LAPD ban facial recognition following alleged unauthorized use

2020/11/24 Innoverview Read

The Los Angeles Police Department (LAPD) has banned the use of facial recognition after officers allegedly used it without authorisation.

Facial recognition systems have faced increased scrutiny in recent years due to repeated studies showing they have serious biases.

Wherever facial recognition systems are deployed, the public needs to have faith they’re being used fairly—something which no deployment so far has been able to do.

Public trust in facial recognition has been damaged further this week after 25 LAPD officers were accused of using it unofficially to try to identify people nearly 475 times over a three-month period.

A directive reportedly sent to the entire LAPD, by deputy chief John McMahon and the head of the department’s IT arm, said that officers can now only use the LA County’s own ID system which uses images taken by officers and added after arrests—not the controversial Clearview AI system which uses millions of images harvested from across the web.

In June, Detroit Police chief James Craig said facial recognition would misidentify someone around 96 percent of the time.

Craig’s comments were made just days after the ACLU (American Civil Liberties Union) lodged a complaint against Detroit Police following the harrowing wrongful arrest of black male Robert Williams due to a facial recognition error.

Detroit Police arrested Williams for allegedly stealing five watches valued at $3800 from a store in October 2018. A blurry CCTV image was matched by a facial recognition algorithm to Williams’ driver’s license photo.

Current AI algorithms are known to have a racism issue.
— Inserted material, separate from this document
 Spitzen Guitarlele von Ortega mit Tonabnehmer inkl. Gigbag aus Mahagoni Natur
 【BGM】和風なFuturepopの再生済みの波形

Extensive studies have repeatedly shown that facial recognition algorithms are almost 100 percent accurate when used on white males, but have serious problems when it comes to darker skin colours and females.

Facial recognition is increasingly being used to perform mass surveillance on protests such as Black Lives Matter. Given the evidence showing the bias of such technologies against minorities, it’s a recipe for disaster.
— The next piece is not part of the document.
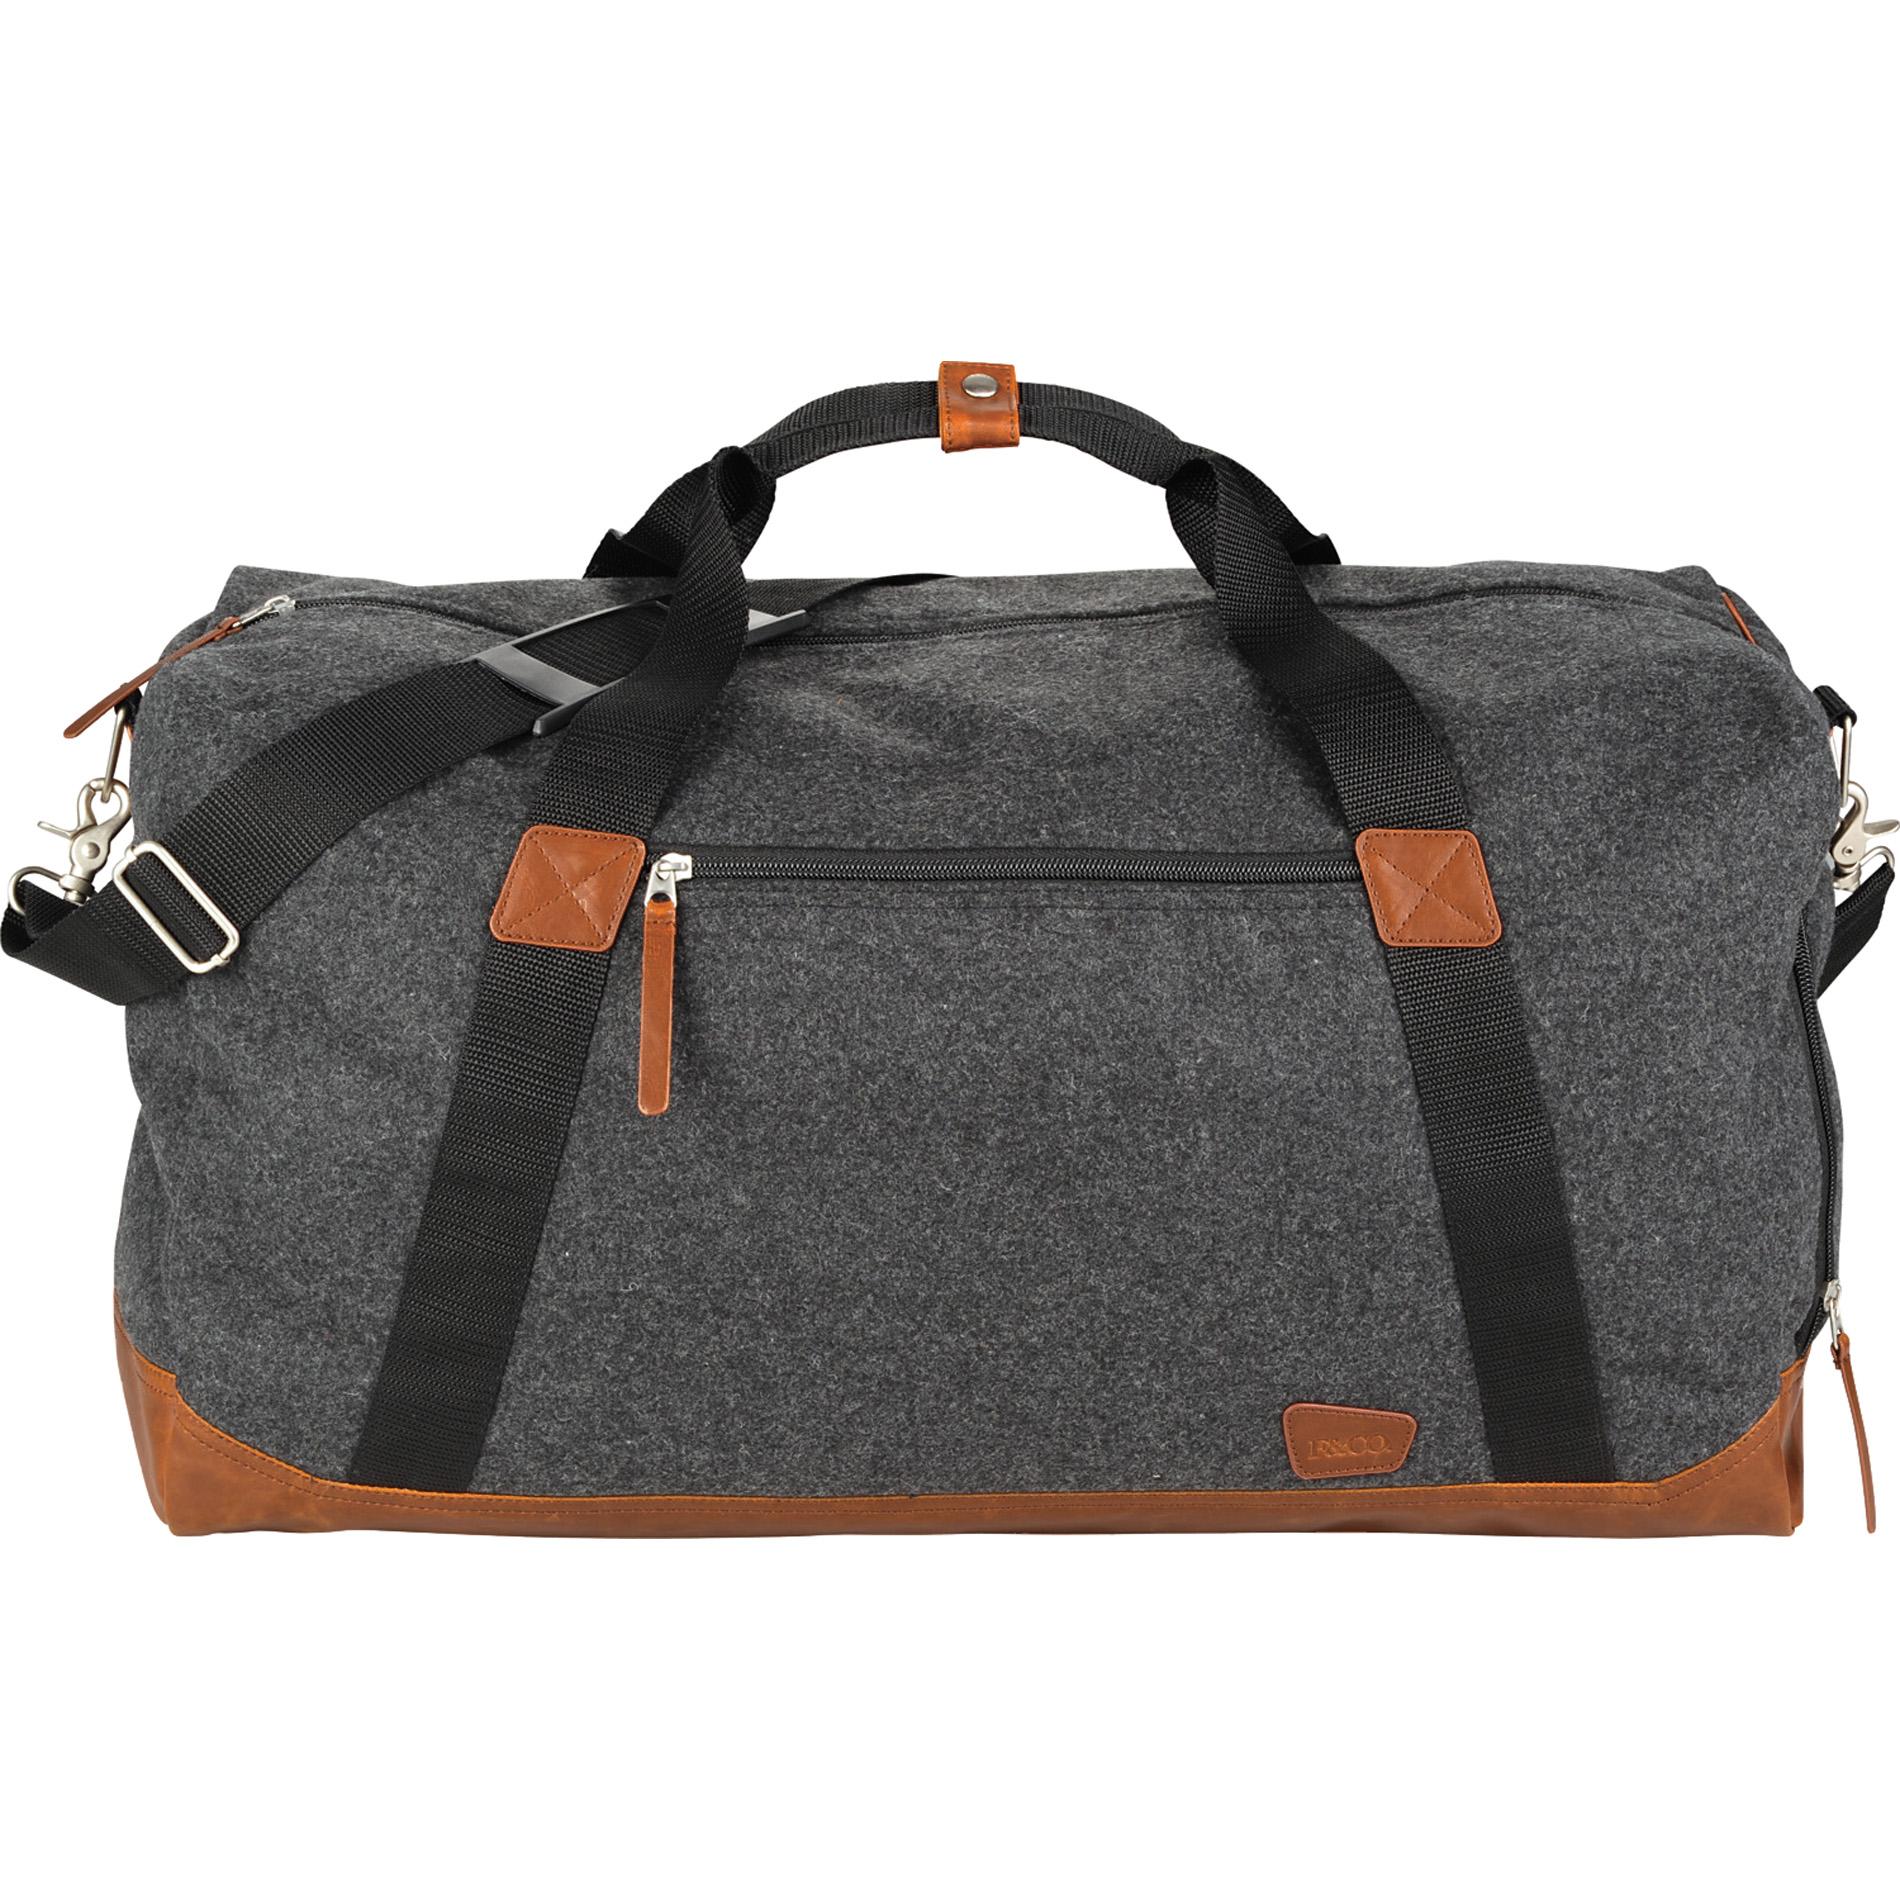 "Field & Co.? Campster 22"" Duffel Bag"

Across the pond in the UK, facial recognition tests have also been nothing short of a complete failure. An initial trial at the 2016 Notting Hill Carnival led to not a single person being identified, while a follow-up trial the following year led to no legitimate matches but 35 false positives.
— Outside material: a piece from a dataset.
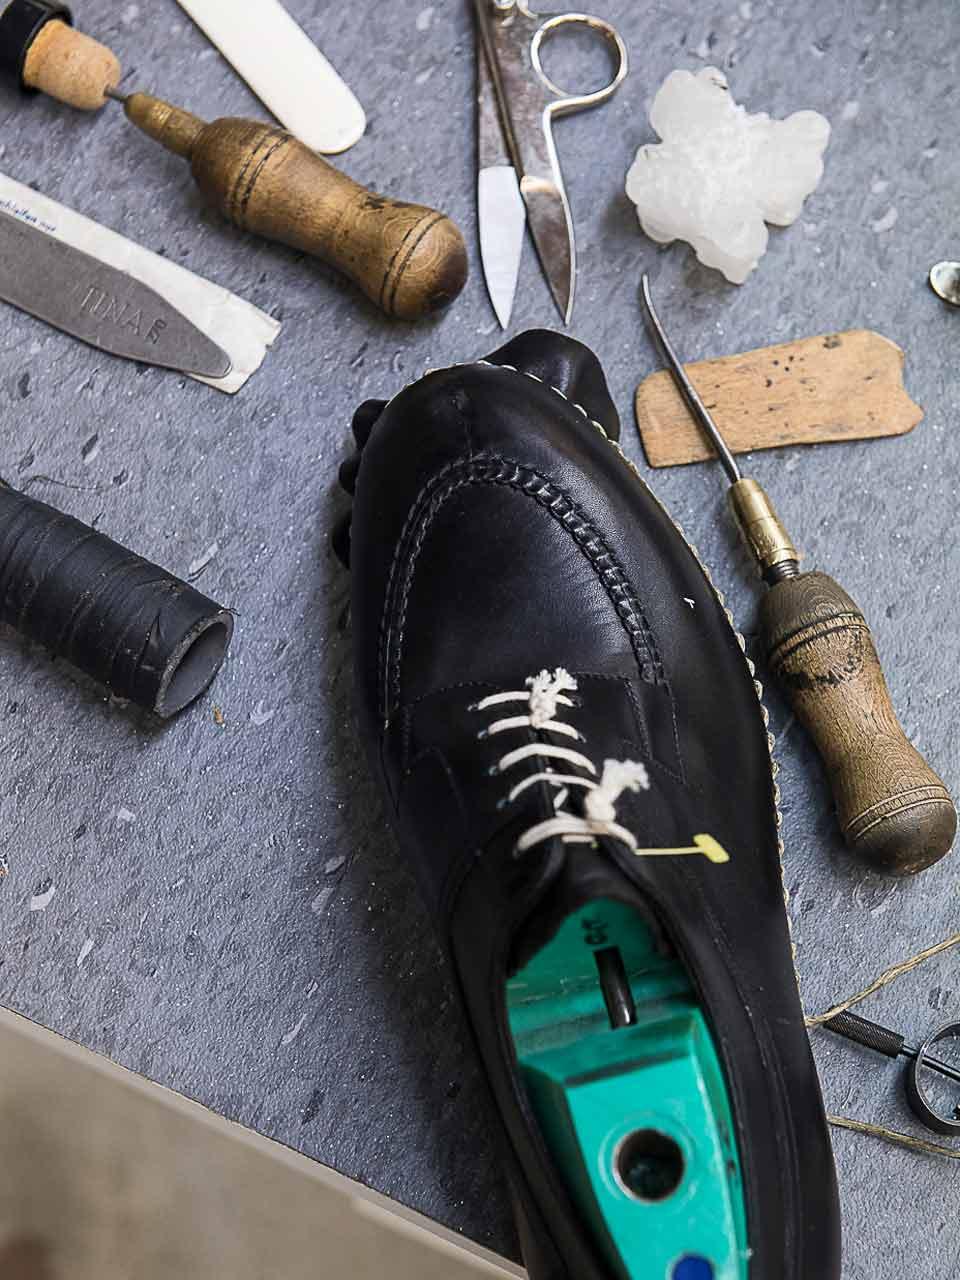 manufacture weston reparation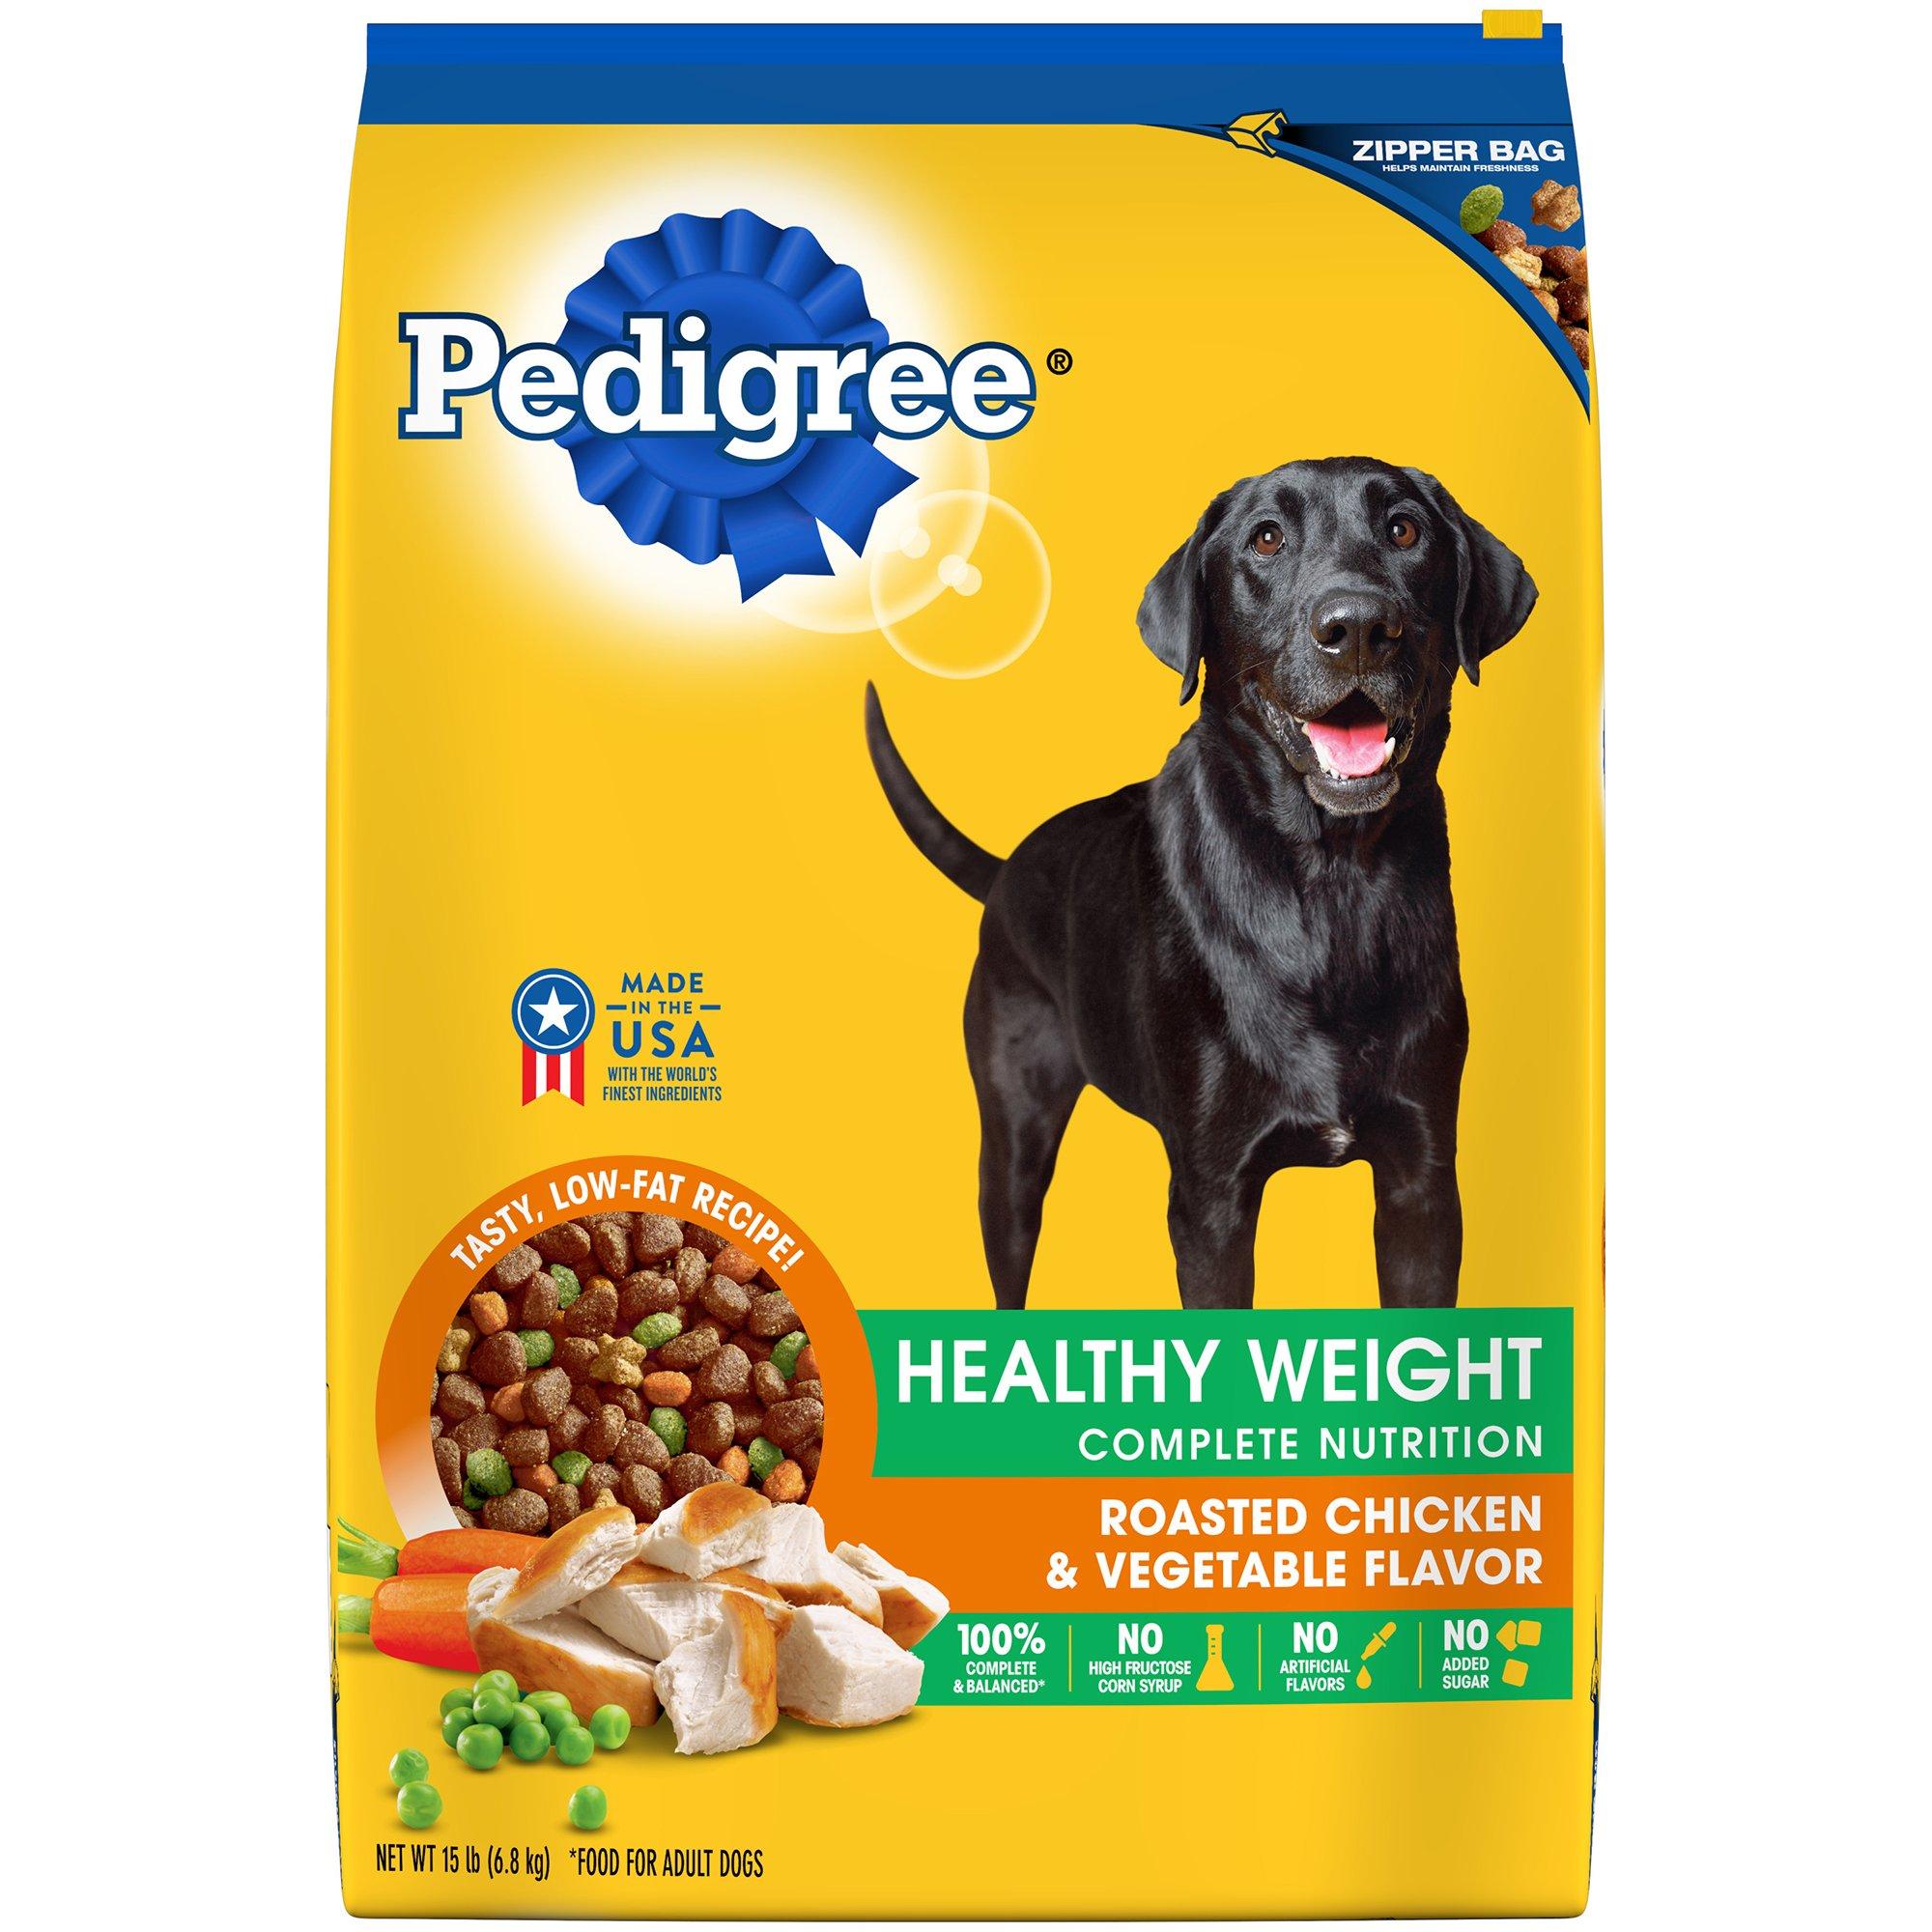 Pedigree Healthy Weight Adult Dry Dog Food Roasted Chicken & Vegetable Flavor, 15 lb. Bag

An independent report into the Met Police’s facial recognition trials, conducted last year by Professor Peter Fussey and Dr Daragh Murray, concluded that it was only verifiably accurate in just 19 percent of cases.

In June, an open letter was penned by 1000 experts in response to a chilling paper called ‘A Deep Neural Network Model to Predict Criminality Using Image Processing.’

“Machine learning programs are not neutral; research agendas and the data sets they work with often inherit dominant cultural beliefs about the world,” the letter’s authors warned.

Until it can be proven that facial recognition and machine learning systems are unbiased, deployments will cause harm to both victims and the public’s tolerance and perception of such technologies.